The instructions on how to present accessibility issues for visitors on websites differ in the instructions provided by the WAD and by the DIGG. The WAD has an optional section where they recommend describing in non-technical terms how the content is inaccessible [14]. The example provided by the WAD is: ‘The login form of the document sharing application is not fully usable by keyboard (requirement number XXX (if applicable))’ [14] (Sect. 2).

The DIGG has instead a mandatory section where the instruction is to describe the inaccessible content as a problem in a user situation, and to give information as to which impairment the inaccessible content is related to.

4.1 Strengths and limitations

A strength of this study is that we used a structured protocol to assess the accessibility statements. The protocol contributes to reproducibility, trustworthiness, and validity of the study. Another strength is that our sample includes websites from all healthcare regions in Sweden and from the national eHealth platform. The results therefore reflect the state of healthcare information and eHealth services provided for people living in all parts of Sweden. A potential limitation of the study is that the Wayback Machine includes webpages from dates when it was crawling the web page and it might not have caught every time a page was updated, creating a risk that we have found an older but not the oldest version of the accessibility statement.

Since the law regulates to comply at the level AA, some accessibility requirements are left out from the regulation, for example sign language that is on level AAA. Our study aimed to evaluate how the accessibility statement was implemented and therefore, we did not investigate accessibility requirements outside the scope of our study.

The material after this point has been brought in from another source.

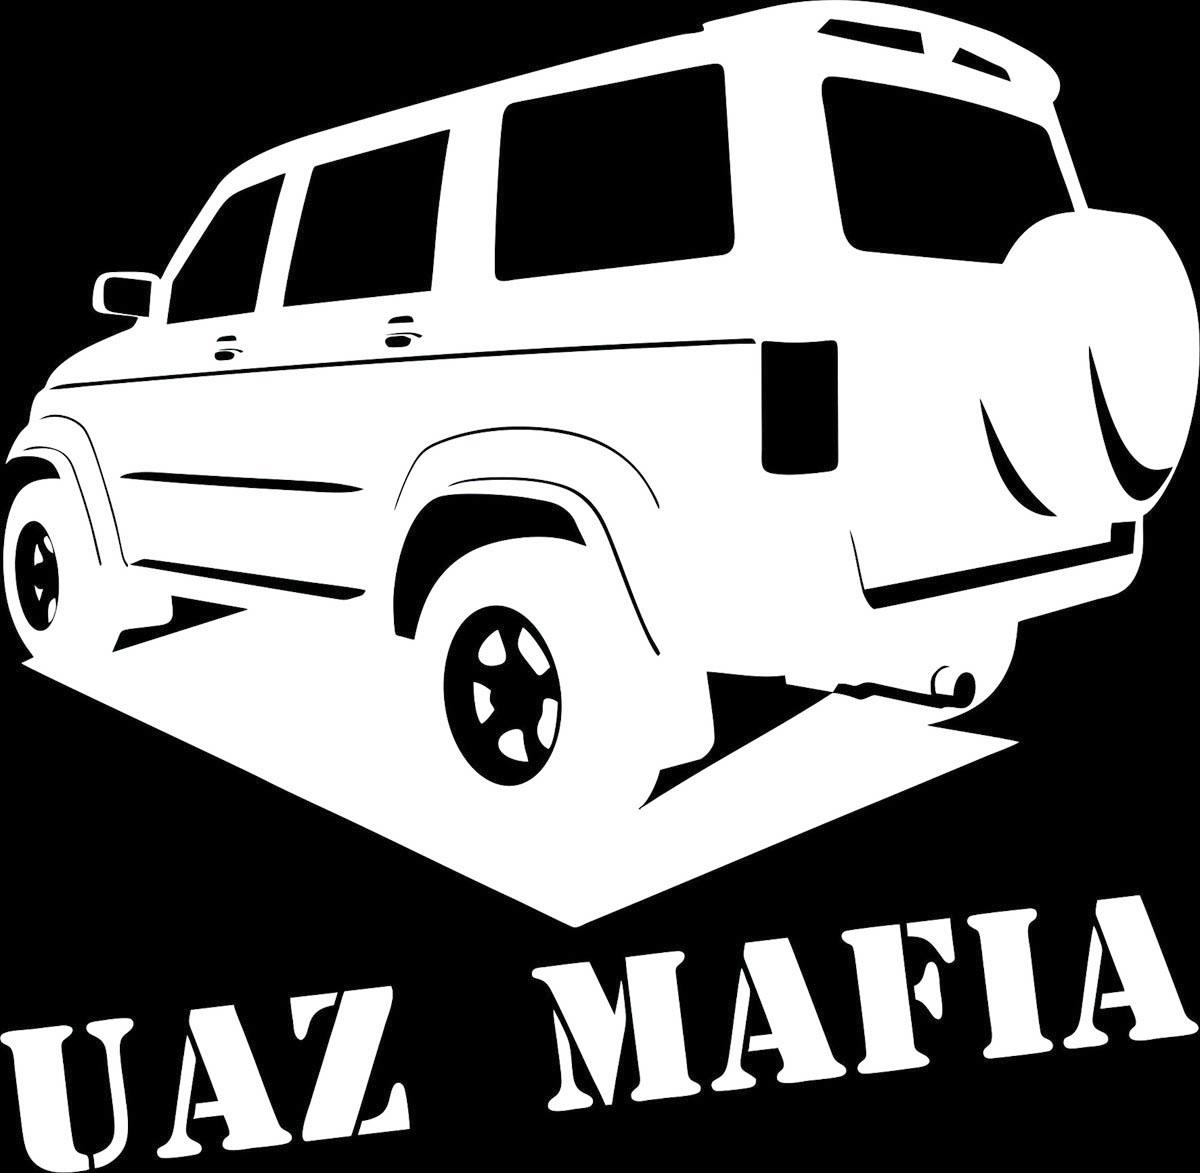 Наклейка автомобильная Оранжевый слоник UAZ Mafia, виниловая, цвет: белый1504400015WОригинальная наклейка Оранжевый слоник UAZ Mafia изготовлена из высококачественной виниловой пленки, которая выполняет не только декоративную функцию, но и защищает кузов автомобиля от небольших механических повреждений, либо скрывает уже существующие.Виниловые наклейки на автомобиль - это не только красиво, но еще и быстро! Всего за несколько минут вы можете полностью преобразить свой автомобиль, сделать его ярким, необычным, особенным и неповторимым!

Since there is no definition in the WAD on how to evaluate if an accessibility statement is “comprehensive, detailed and clear” [4], we suggest that our approach to use Comprehensiveness, Clarity, and User orientation as our basic definitions used in the qualitative evaluation should be further elaborated in future research. Furthermore, users that have impairments should be involved to check and validate the qualitative assessment of the accessibility statements.

5 Conclusion

Providing accessible digital public services to all citizens has, since 2020, been mandated by an EU legislation. We have analysed a purposeful sample of Swedish healthcare providers’ homepages and national eHealth services, to find out how well Sweden’s healthcare providers meet the intentions of the legislation. All but one of the 37 evaluated healthcare providers published an accessibility statement. None of them fully met the requirements for the accessibility statement, and not one complied with the intention of the law, that is to provide accessible health information and eHealth services to all citizens.

The possibility to declare no or partial compliance to the law, the possibility to claim disproportionate burden and the absence, so far, of strong enforcement procedures to date, creates a standstill situation. There is a risk of healthcare providers performing tokenistic, symbolic actions, e.g. publishing an accessibility statement with no real intention to abide by the law. To a healthcare perspective this is counterproductive, since people with impairments are already an underprivileged group in need of frequent interaction with the healthcare system. Pushing this group away from eHealth towards other means for the provision of healthcare could be far more costly than solving the digital accessibility issues.

Future research, in close collaboration with users with impairment, should be conducted to improve the instructions for the accessibility statements in order that they be useful for people with impairments. Future research should also investigate the accuracy of the accessibility statements.

The assessment protocol developed for this study is suggested as feasible for use in future assessment of accessibility statements.